Exercise brief :: The full set of lines below has to be duplicated exactly, with no picture kept.

Data block ::
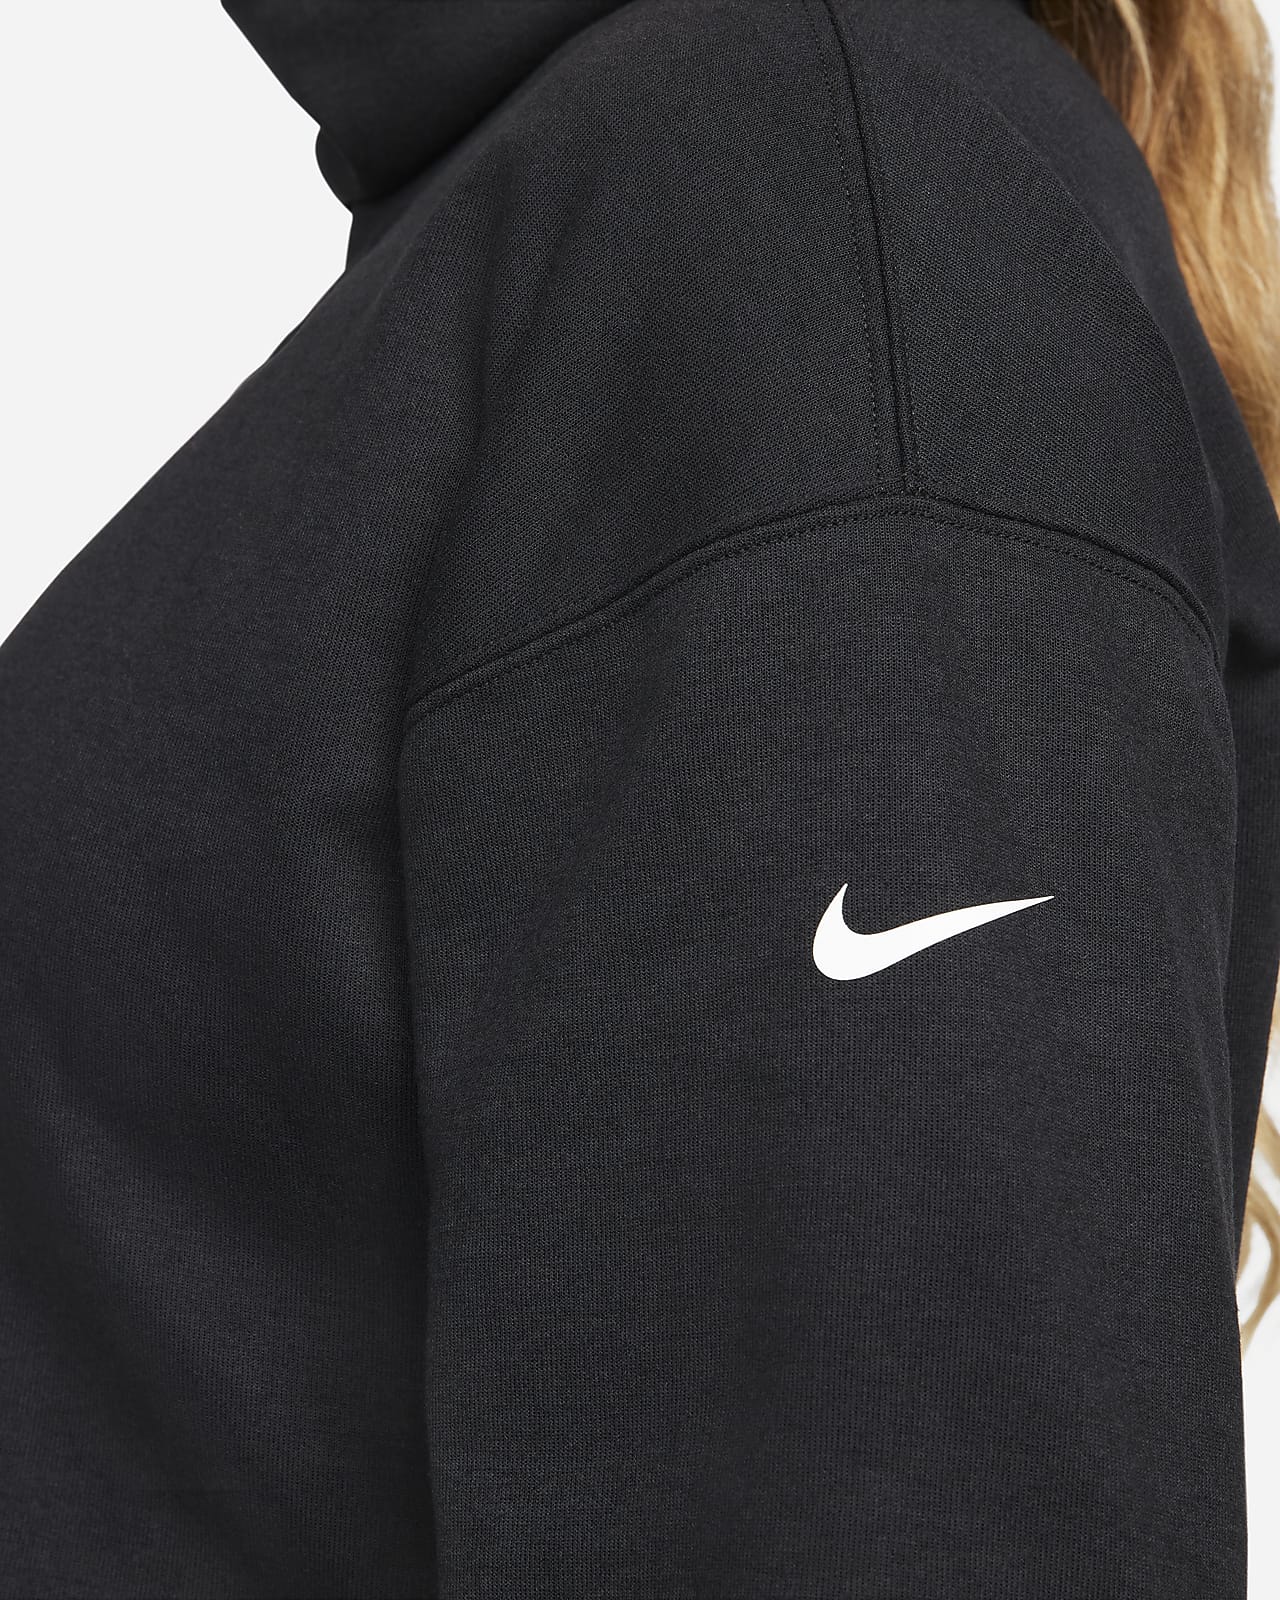 Amerika druiven Oppervlakkig Nike (M) Women's Reversible Pullover (Maternity). Nike.com
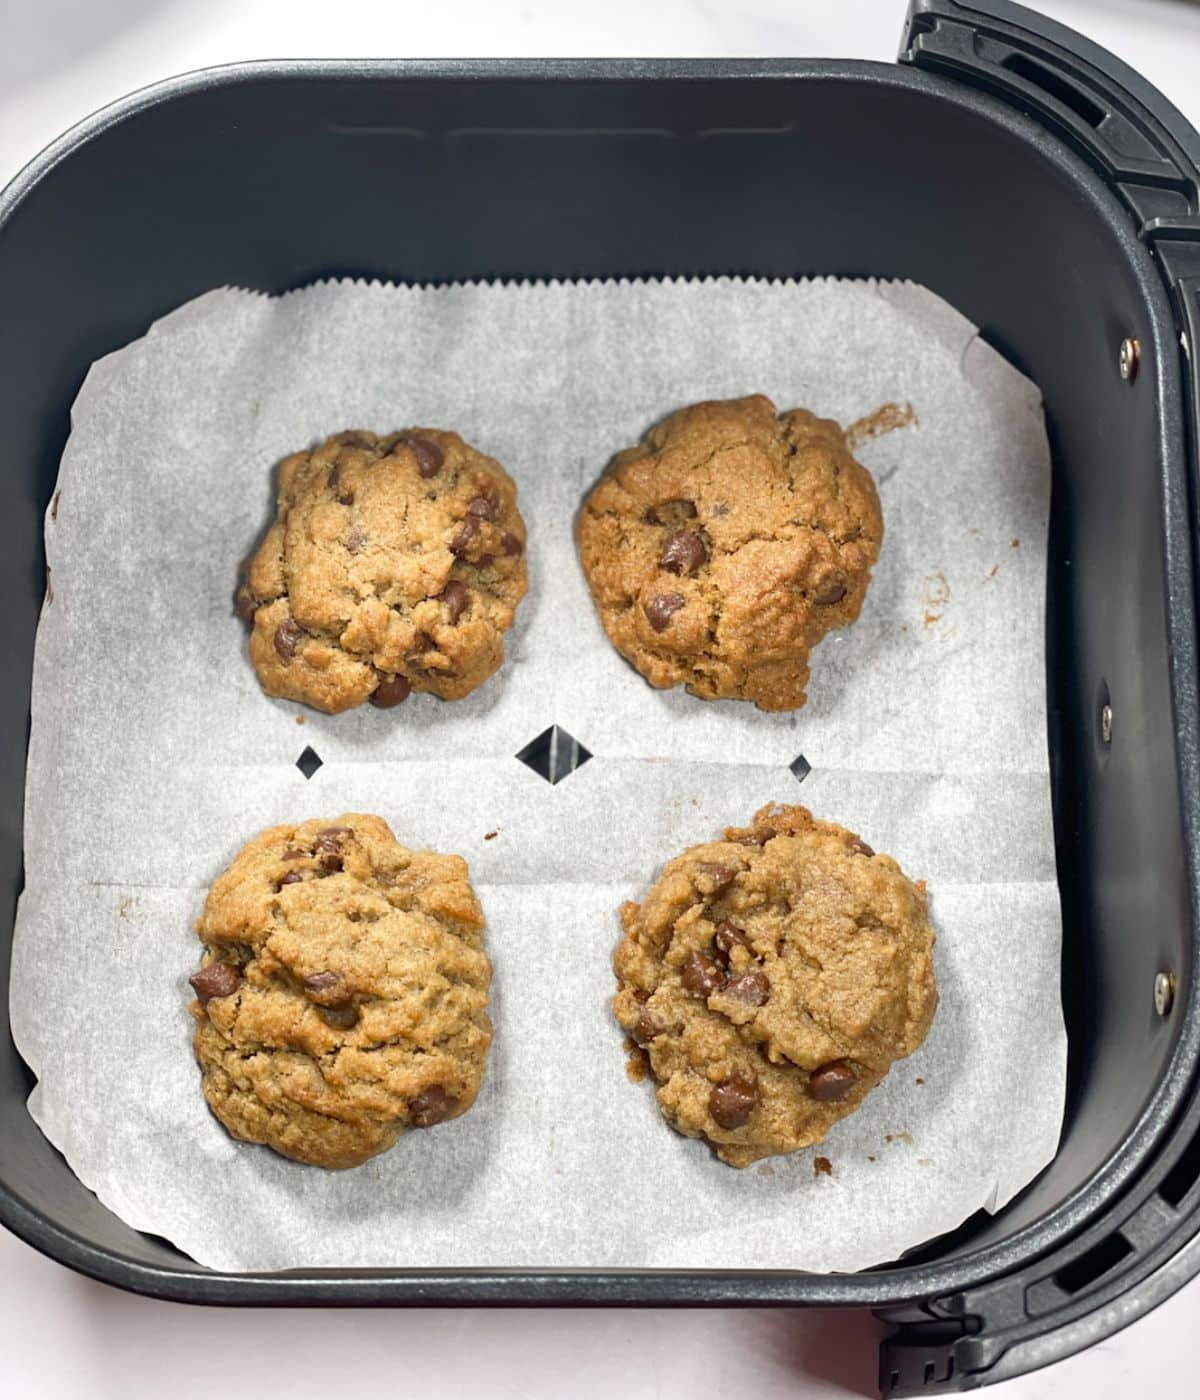 Air fryer basket is with vegan chocolate chip cookies.
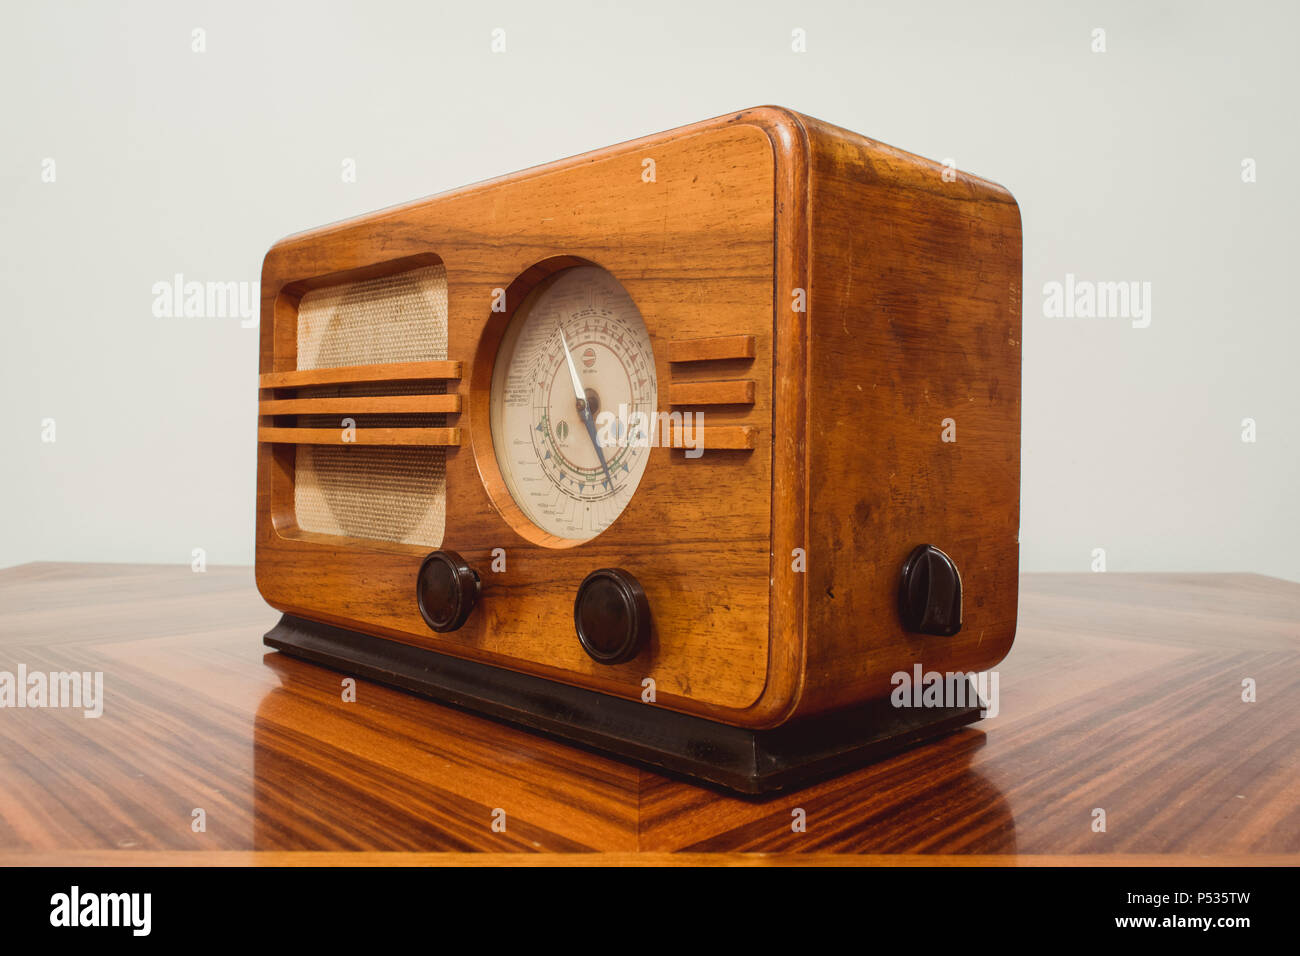 https://c8.alamy.com/comp/P535TW/old-wooden-radio-on-table-vintage-retro-style-P535TW.jpg

Answer to the problem ::
 Amerika druiven Oppervlakkig Nike (M) Women's Reversible Pullover (Maternity). Nike.com
 Air fryer basket is with vegan chocolate chip cookies.
 https://c8.alamy.com/comp/P535TW/old-wooden-radio-on-table-vintage-retro-style-P535TW.jpg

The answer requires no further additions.